Suppose $X_1,X_2,\ldots,X_n$ are independent $N(0,\sigma^2)$ random variables.
For $i,j\in \{1,2,\ldots,n\}$, consider $$U=\frac{X_iX_j}{\sum_{i=1}^n X_i^2}$$
Provided $n>1$, we know that $U$ has a Beta distribution when $i=j$ :
$$U=\frac{X_i^2/\sigma^2}{\sum_{i=1}^n X_i^2/\sigma^2} \sim \text{Beta}\left(\frac12,\frac{n-1}2\right) \quad,\,i=1,2,\ldots,n$$
What can we say regarding the distribution of $U$ when $i\ne j$? What are the moments of $U$ in this case?

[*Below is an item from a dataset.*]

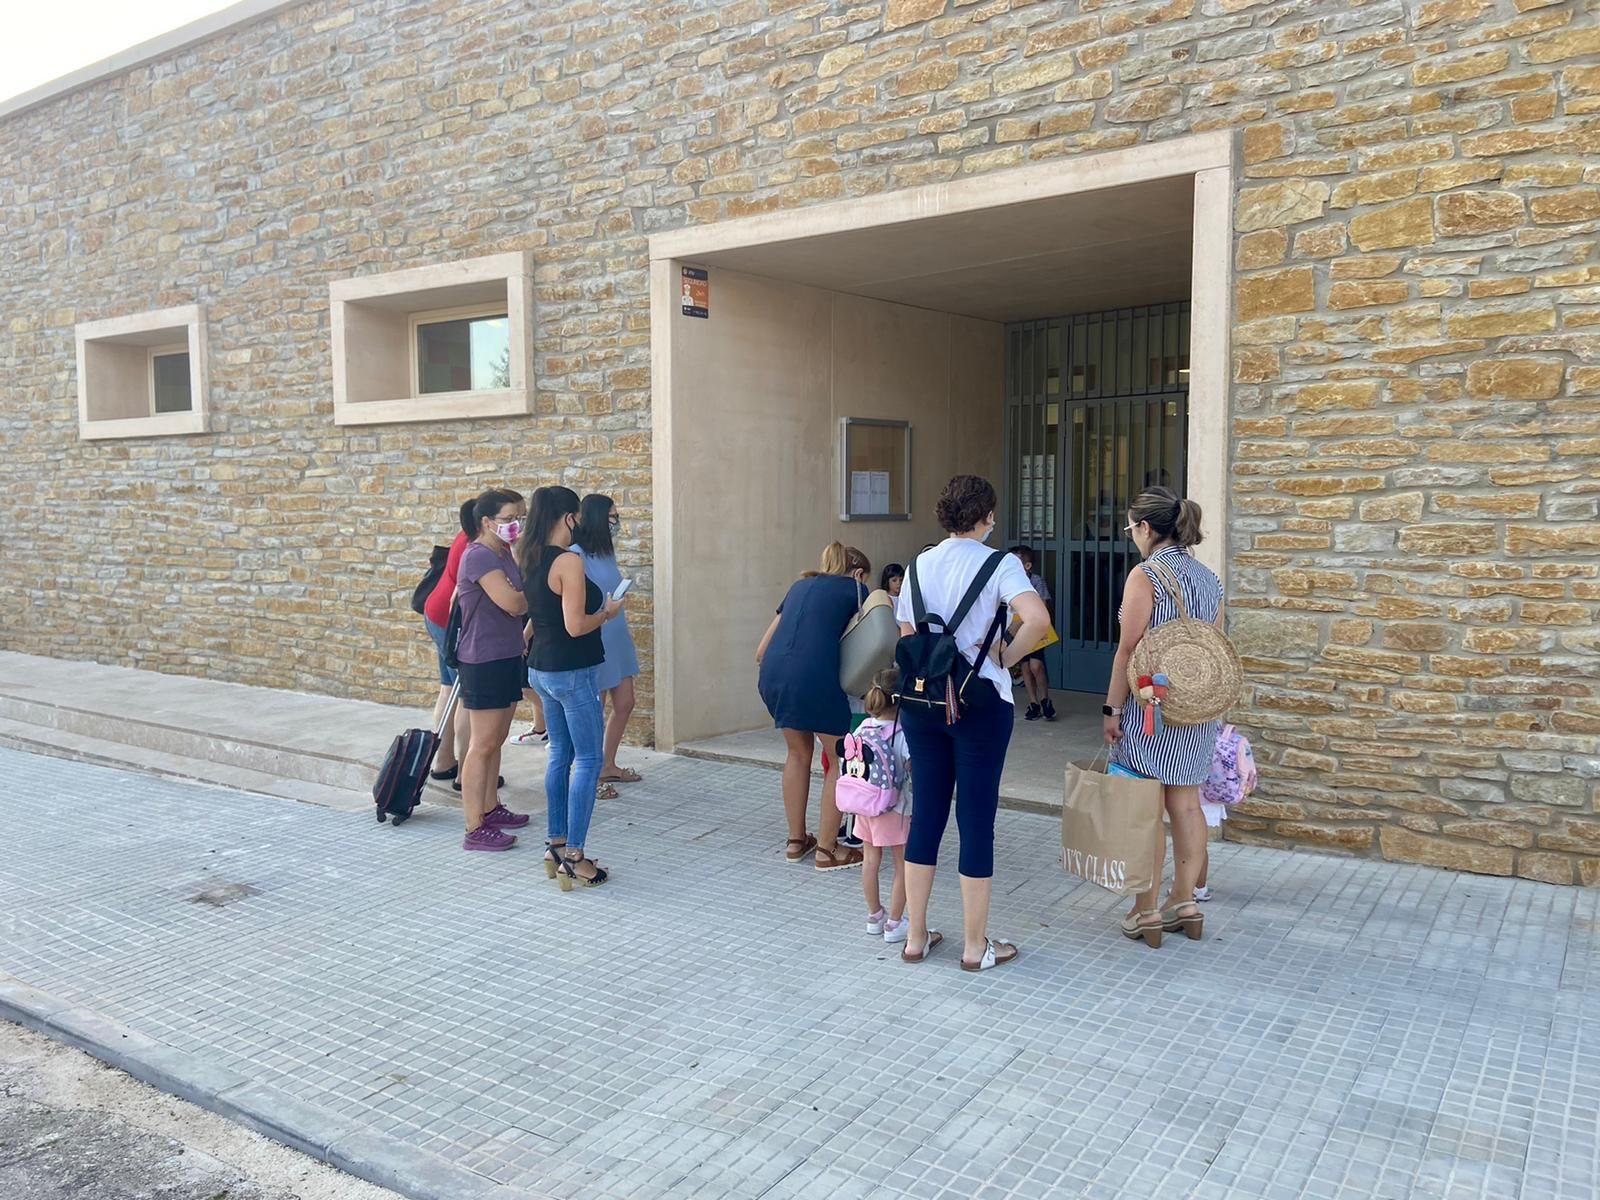 Las mejores imágenes de la vuelta al cole en Castellón

For $n=2$, if we transform $(X_1,X_2)$ to polar coordinates $(R,\Theta)$, then
$$U=\frac{X_1X_2}{X_1^2+X_2^2}=\frac{R^2\cos\Theta\sin\Theta}{R^2}=\frac{\sin(2\Theta)}{2}$$
Since $\Theta$ is uniformly distributed on $(0,2\pi)$, it seems $\sin(2\Theta)$ has an $\text{Arcsine}(-1,1)$ distribution with pdf
$$f(x)=\frac1{\pi \sqrt{1-x^2}}\mathbf 1_{(-1,1)}(x)$$
So that $U$ has pdf
$$f_U(u)=2 f(2u)=\frac2{\pi\sqrt{1-4u^2}}\mathbf1_{\left(-\frac12,\frac12\right)}(u)$$
If $\boldsymbol X=(X_1,X_2,\ldots,X_n)^T$, we can think of $U$ as the product of $i$th and $j$th components of the vector $\frac{\boldsymbol X}{\lVert \boldsymbol X \rVert}$. And we know that $\frac{\boldsymbol X}{\lVert \boldsymbol X \rVert}$ is uniformly distributed on the surface of a unit sphere. I am not sure if this helps in any way.
Best Answer
Note that we may assume $X_i$'s are standard normal. Then
\begin{align*} \mu_k &:= \mathbf{E}\left[ \biggl( \frac{ X_i X_j }{X_1^2 + \cdots + X_n^2} \biggr)^k \right] \\ &= \frac{1}{(2\pi)^{n/2}} \int_{\mathbb{R}^n} \biggl( \frac{ x_i x_j }{x_1^2 + \cdots + x_n^2} \biggr)^k e^{-(x_1^2 + \cdots + x_n^2)/2} \, \mathrm{d}x_1 \cdots \mathrm{d}x_n \\ &= \frac{1}{(2\pi)^{n/2}} \left( \int_{0}^{\infty} r^{n-1}e^{-r^2/2} \, \mathrm{d}r \right)\left( \int_{\mathbb{S}^{n-1}} \omega_i^k \omega_j^k \, \sigma(\mathrm{d}\omega) \right), \end{align*}
where $\mathbb{S}^{n-1} = \{ \mathrm{x} \in \mathbb{R}^n : \|\mathrm{x}\| = 1\}$ is the unit sphere in $\mathbb{R}^n$ and $\sigma$ is the surface measure on $\mathbb{S}^{n-1}$. Then by mimicking the proof of the beta function identity, such as in this article, it is not hard to prove that
$$ \int_{\mathbb{S}^{n-1}} \omega_1^{\alpha_1} \cdots \omega_n^{\alpha_n} \, \sigma(\mathrm{d}\omega) = \begin{cases} 0, & \text{if some $\alpha_i$ is odd,} \\[0.25em] \dfrac{2\Gamma(\beta_1)\cdots\Gamma(\beta_n)}{\Gamma(\beta_1 + \cdots + \beta_n)}, & \text{if all $\alpha_i$ are even and $\beta_i=\frac{1}{2}(\alpha_i + 1)$}. \end{cases} $$
Using this and simplifying the formula, we get
$$ \mu_k = \begin{cases} 0, & \text{if $k$ is odd,} \\[0.25em] \dfrac{(1 \cdot 3 \cdot 5 \cdots (k-1))^2}{\prod_{l=0}^{k-1} (n+2l)}, & \text{if $k$ is even.} \end{cases} $$
For instance, we get
$$ \mu_2 = \frac{1}{n(n+2)} \qquad\text{and}\qquad \mu_4 = \frac{3^2}{n(n+2)(n+4)(n+6)}.$$